Interbase Coordinates

Sequence ranges use an interbase coordinate system. Interbase coordinate conventions are used in this terminology because they provide conceptual consistency that is not possible with residue-based systems.

Important

The choice of what to count–residues versus inter-residue positions–has significant semantic implications for coordinates. Because interbase coordinates and the corresponding 0-based residue-counted coordinates are numerically identical in some circumstances, uninitiated readers often conflate the choice of numerical base with the choice of residue or inter-residue counting. Whereas the choice of numerical base is inconsequential, the semantic advantages of interbase are significant.

When humans refer to a range of residues within a sequence, the most common convention is to use an interval of ordinal residue positions in the sequence. While natural for humans, this convention has several shortcomings when dealing with sequence variation.
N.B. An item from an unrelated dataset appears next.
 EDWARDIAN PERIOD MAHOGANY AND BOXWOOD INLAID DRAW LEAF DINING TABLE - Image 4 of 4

For example, interval coordinates are interpreted as exclusive coordinates for insertions, but as inclusive coordinates for substitutions and deletions; in effect, the interpretation of coordinates depends on the variant type, which is an unfortunate coupling of distinct concepts.

Modelling Language

The VR collaborators investigated numerous options for modelling data, generating code, and writing the wire protocol. Required and desired selection criteria included:

  • language-neutral – or at least C/C++, java, python
  • high-quality tooling/libraries
  • high-quality code generation
  • documentation generation
  • supported constructs and data types
    • typedefs/aliases
    • enums
    • lists, maps, and maps of lists/maps
    • nested objects
  • protocol versioning (but not necessarily automatic adaptation)
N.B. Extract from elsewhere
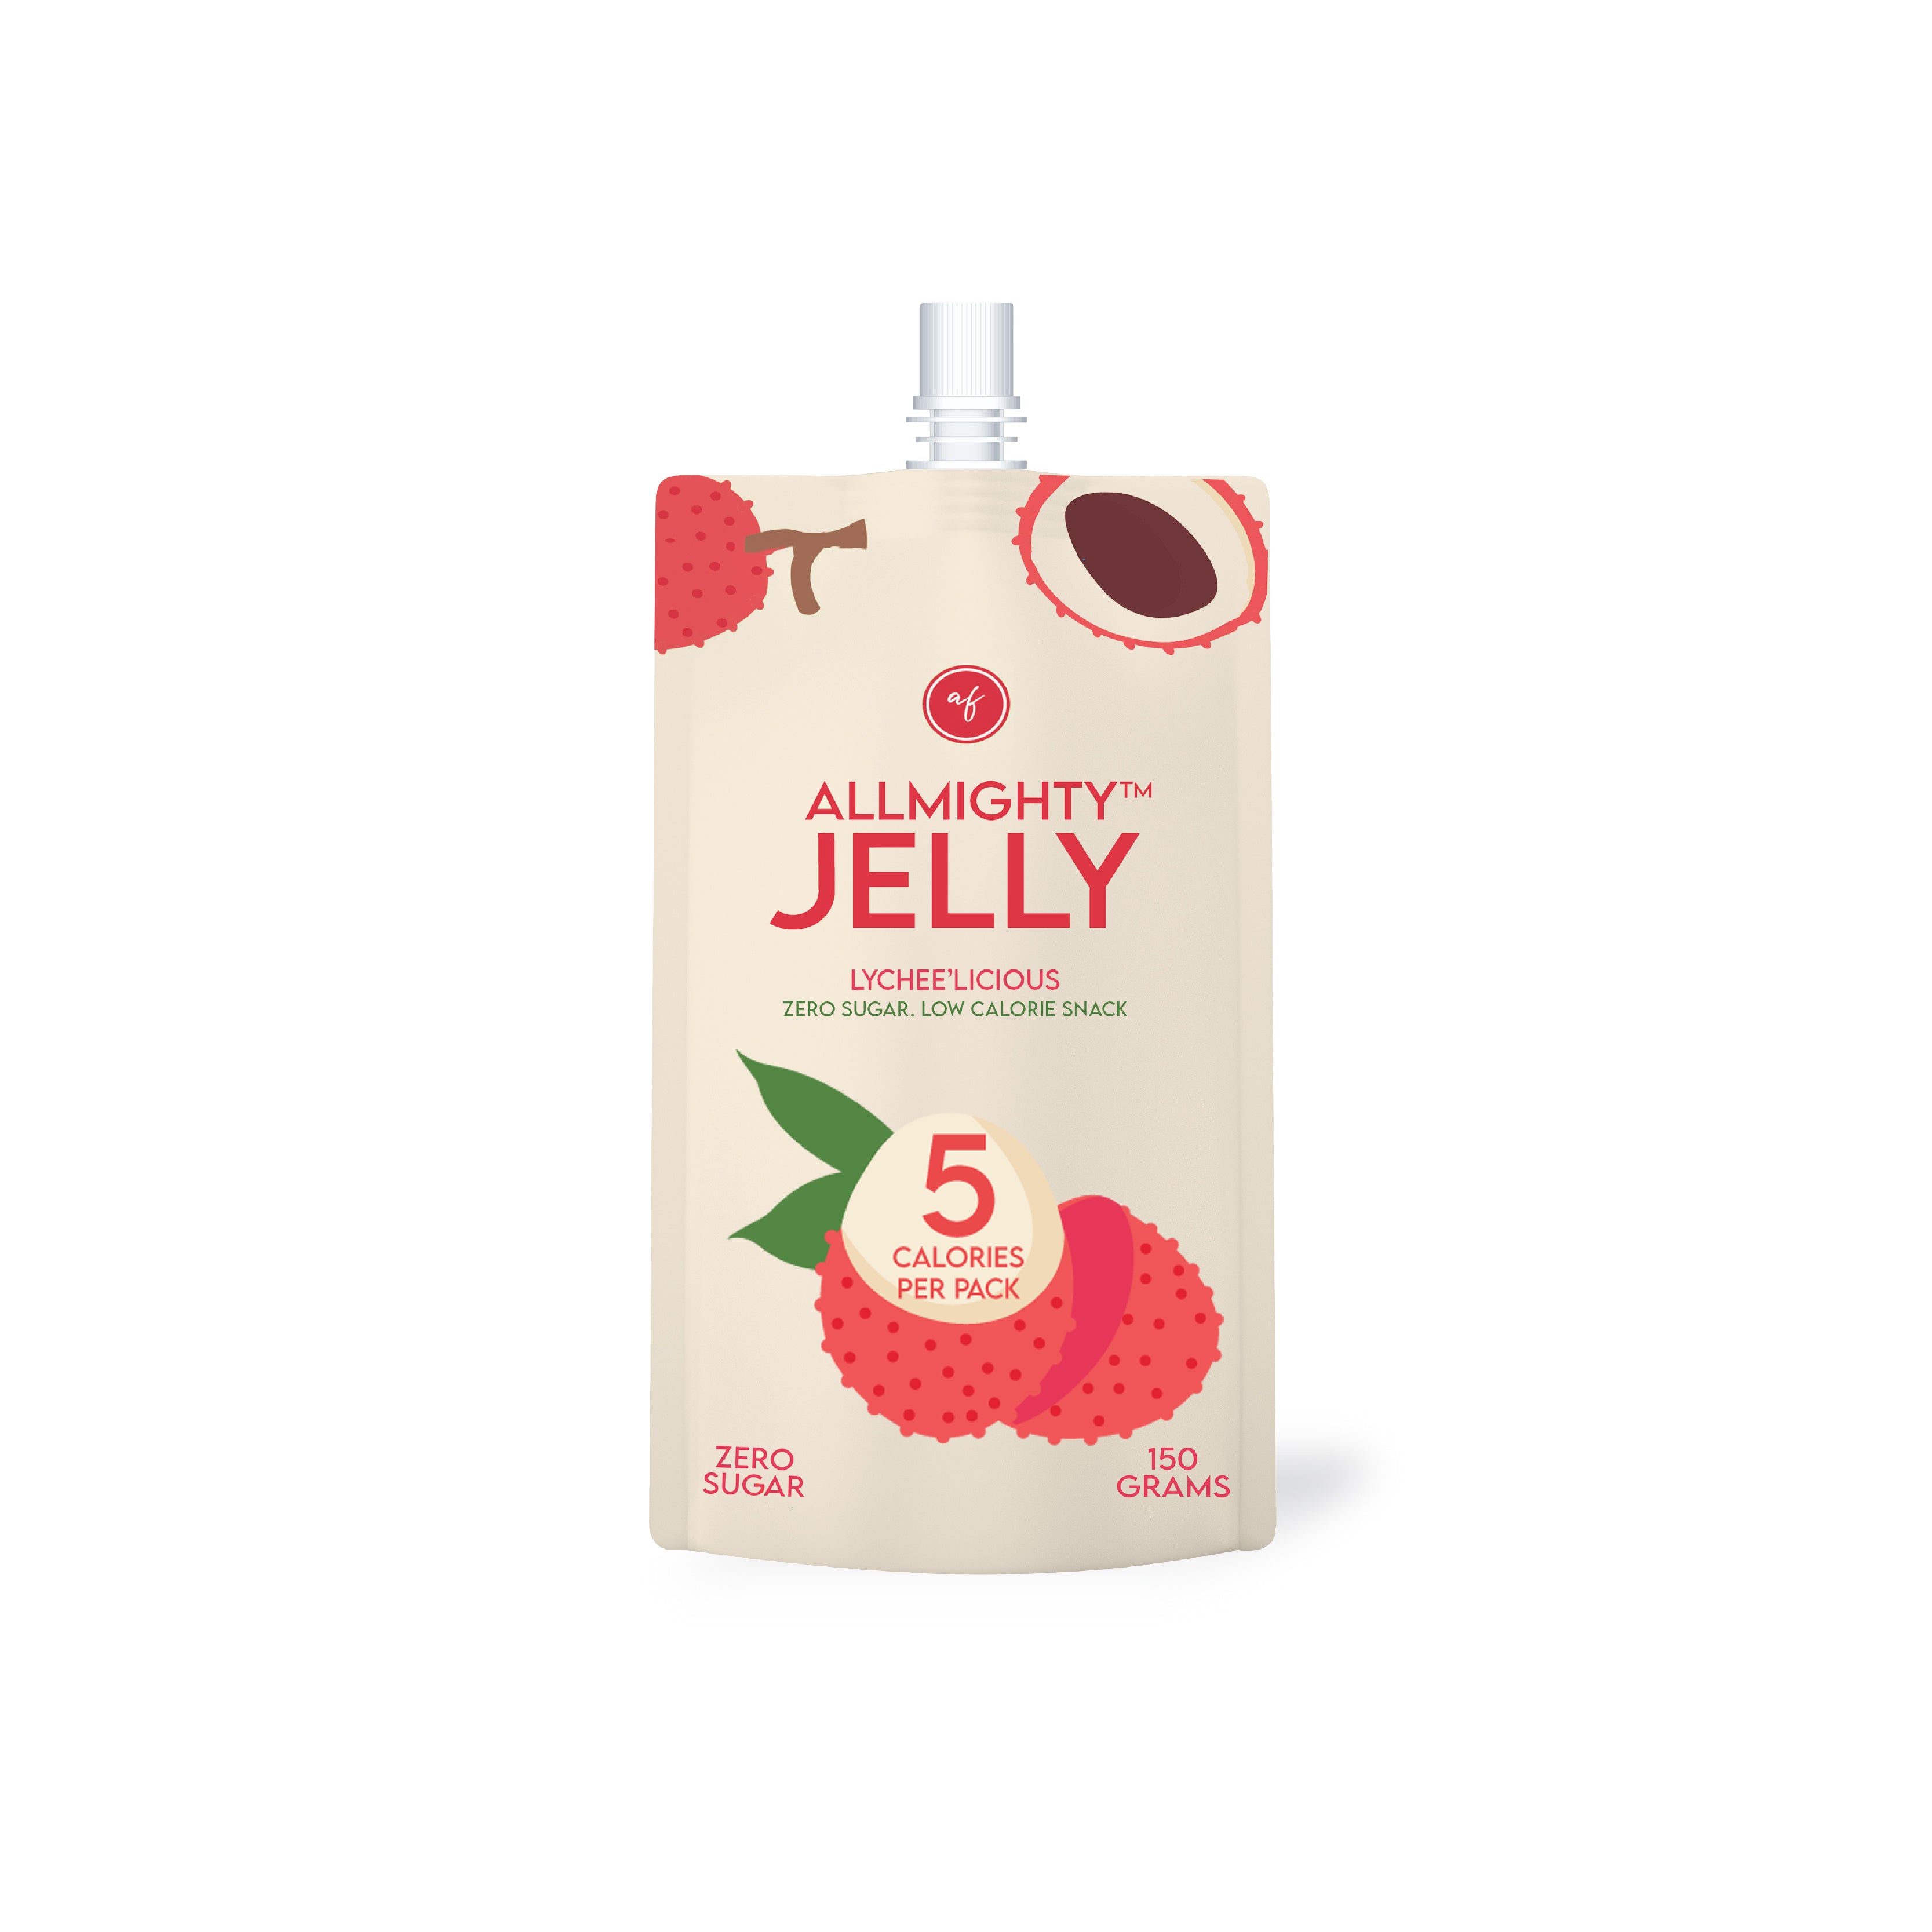 Allmighty Jelly Lychee’licious (10 PACK)

Initial versions of the VR logical model were implemented in UML, protobuf, and swagger/OpenAPI, and JSON Schema. We have implemented our schema in JSON Schema. Nonetheless, it is anticipated that some adopters of the VR logical model may implement the specification in other protocols.

Serialization Strategy

There are many packages and proposals that aspire to a canonical form for json in many languages. Despite this, there are no ratified or de facto winners. Many packages have similar names, which makes it difficult to discern whether they are related or not (often not). Although some packages look like good single-language candidates, none are ready for multi-language use. Many seem abandoned. The need for a canonical json form is evident, and there was at least one proposal for an ECMA standard.

Therefore, we implemented our own serialization format, which is very similar to Gibson Canonical JSON (not to be confused with OLPC Canonical JSON).